Exercise details
In the data below, the answer is the run of lines from the line containing "Men's Boots |" through the line containing "Buster + Punch", both included; print it exactly and nothing else.

Dataset extract
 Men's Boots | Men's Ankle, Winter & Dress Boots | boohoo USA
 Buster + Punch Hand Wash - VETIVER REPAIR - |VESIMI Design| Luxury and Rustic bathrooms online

...

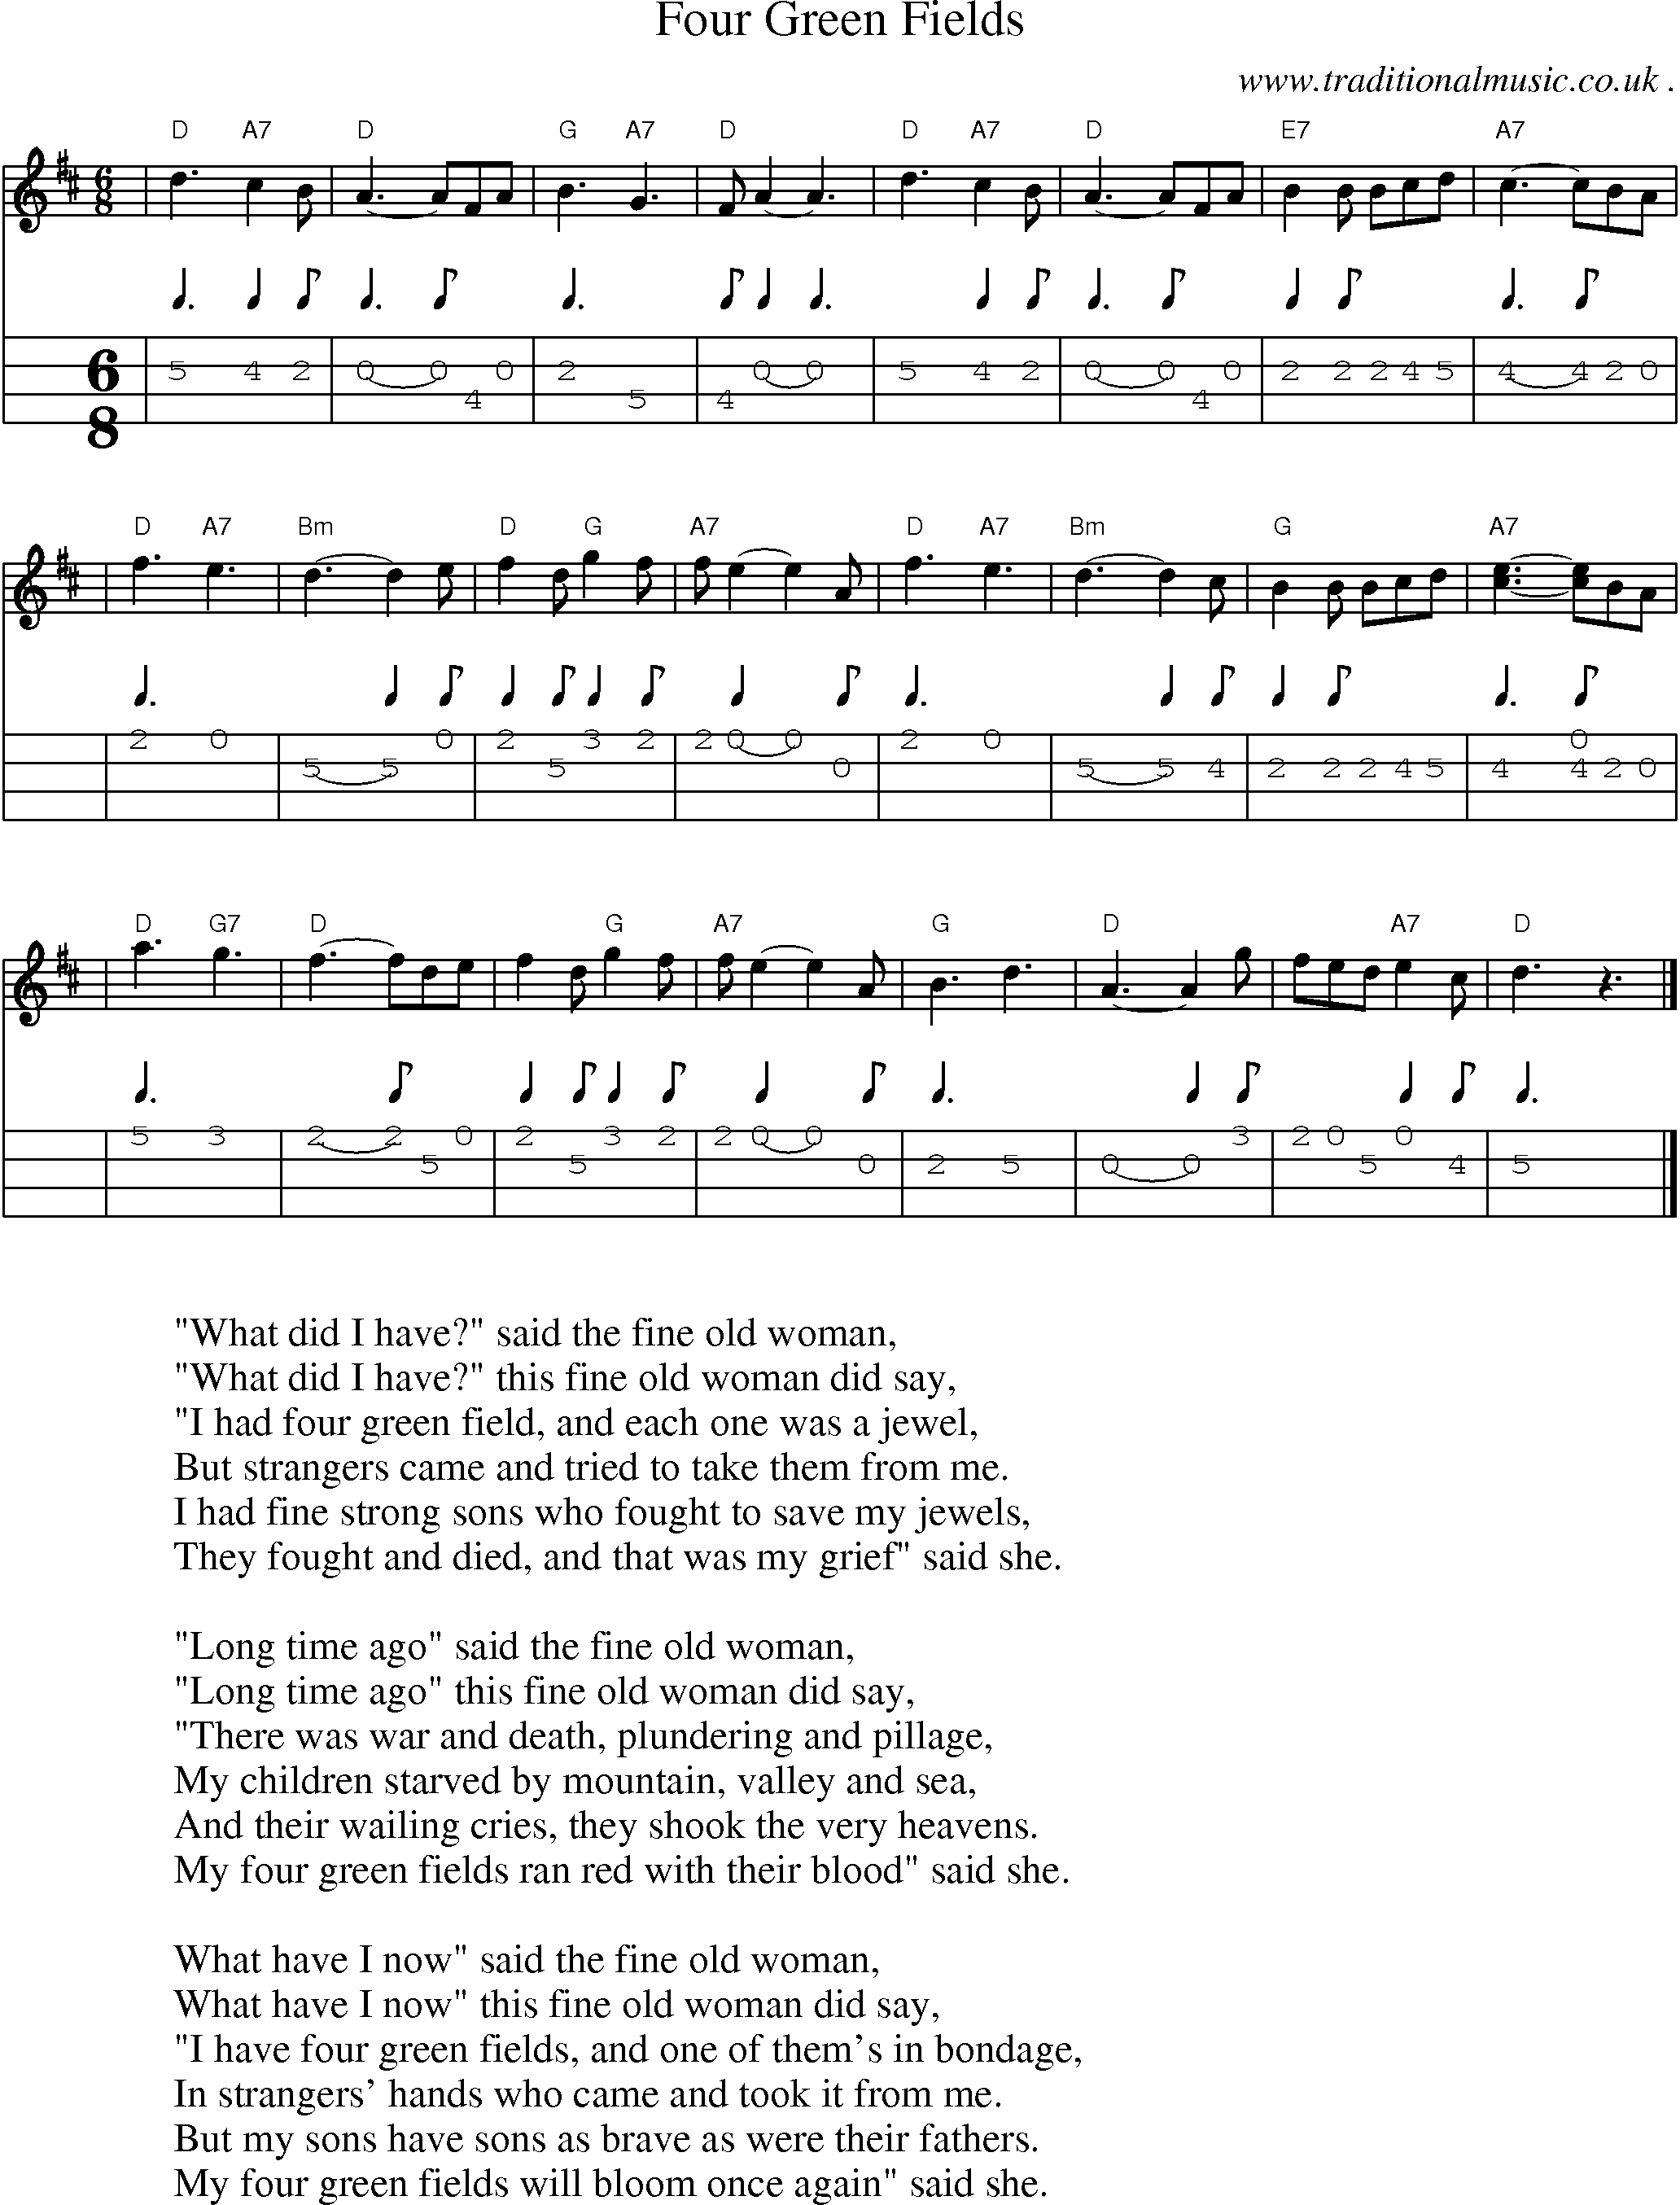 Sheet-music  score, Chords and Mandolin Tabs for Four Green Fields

Output
 Men's Boots | Men's Ankle, Winter & Dress Boots | boohoo USA
 Buster + Punch Hand Wash - VETIVER REPAIR - |VESIMI Design| Luxury and Rustic bathrooms online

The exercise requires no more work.